Swarming itself isn’t the innovation here. Multi-agent orchestration has been possible for a while. What is changing here is packaging and defaultability. Swarming is moving from an engineering pattern into a product feature. With that, the diffusion curve shifts. Swarms become a trivial option in the toolbox for developers, analysts, and attackers.
That shift matters because most enterprise monitoring for agentic systems is still anchored at the micro level. Teams are instrumenting for single exchanges (prompt/response, tool call/result). Some teams are graduating to single-agent trajectories (sequences across time). Swarming pushes us toward a third object that most orgs are not yet addressing: the operation.
An operation is a distributed meta-task pursued through many agents, sessions, channels, and identities, often intentionally unlinked. In the adversarial case, de-linking is a key part of the strategy. That should force a corresponding change in detection and defense: from detecting adversarial prompts or malicious agents to detecting coordinated campaigns.
What is new
Orchestrated campaigns are not a new thing. Botnets, fraud rings, scripted recon, and commodity automation are not new.
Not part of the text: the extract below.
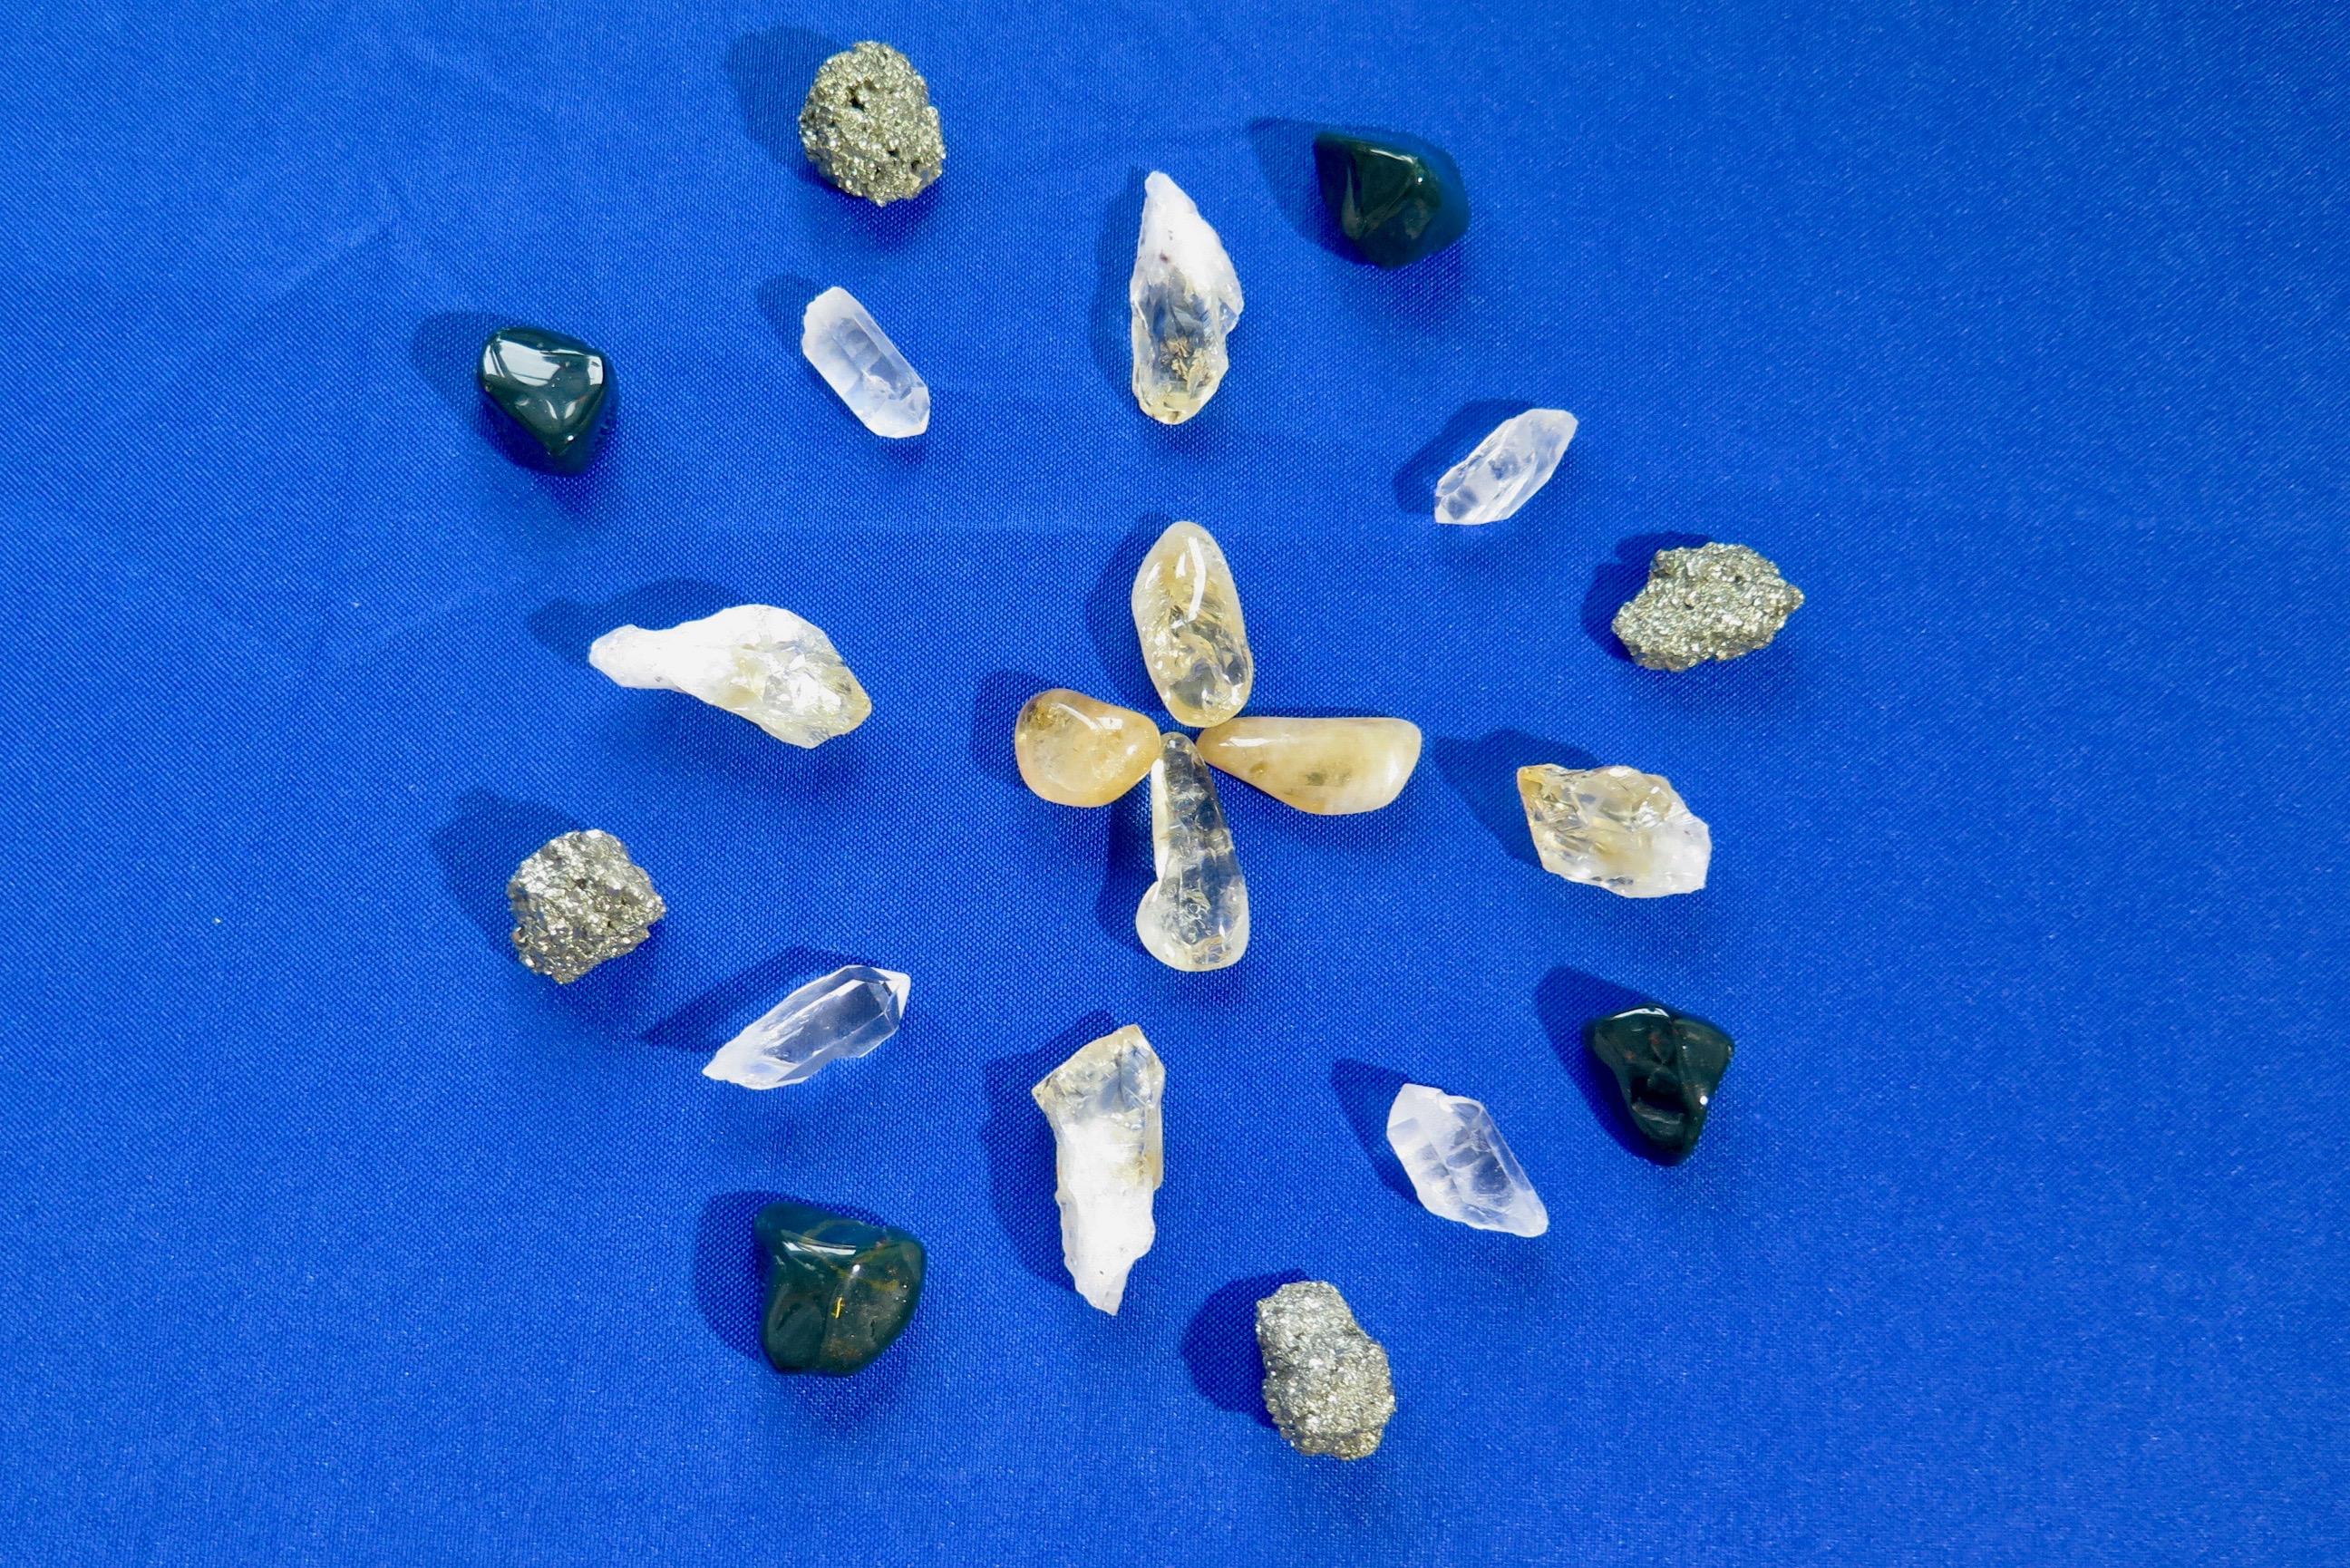 Crystal Grid: Liz Clark: LizianEvents Ltd

Even within the AI space, many teams already use multi-agent patterns: planners, routers, tool specialists, verifier loops, parallel retrieval, and so on.
Orchestration itself is not what makes this beta release significant. Instead it is the combination of:
Lower coordination cost. Swarm-style systems reduce the human overhead of decomposing work and managing threads.
Adaptive coordination. Instead of running a fixed script at scale, systems can adjust tactics based on intermediate results.
Normalized parallel tool use. The default assumption shifts from one agent taking steps to many concurrent threads exploring and executing.
Kimi K2.5 is a marker that this bundle is reaching mainstream.
Adversarial orchestration is already here
The likely trajectory of this seems clear. Offensive automation is being productized.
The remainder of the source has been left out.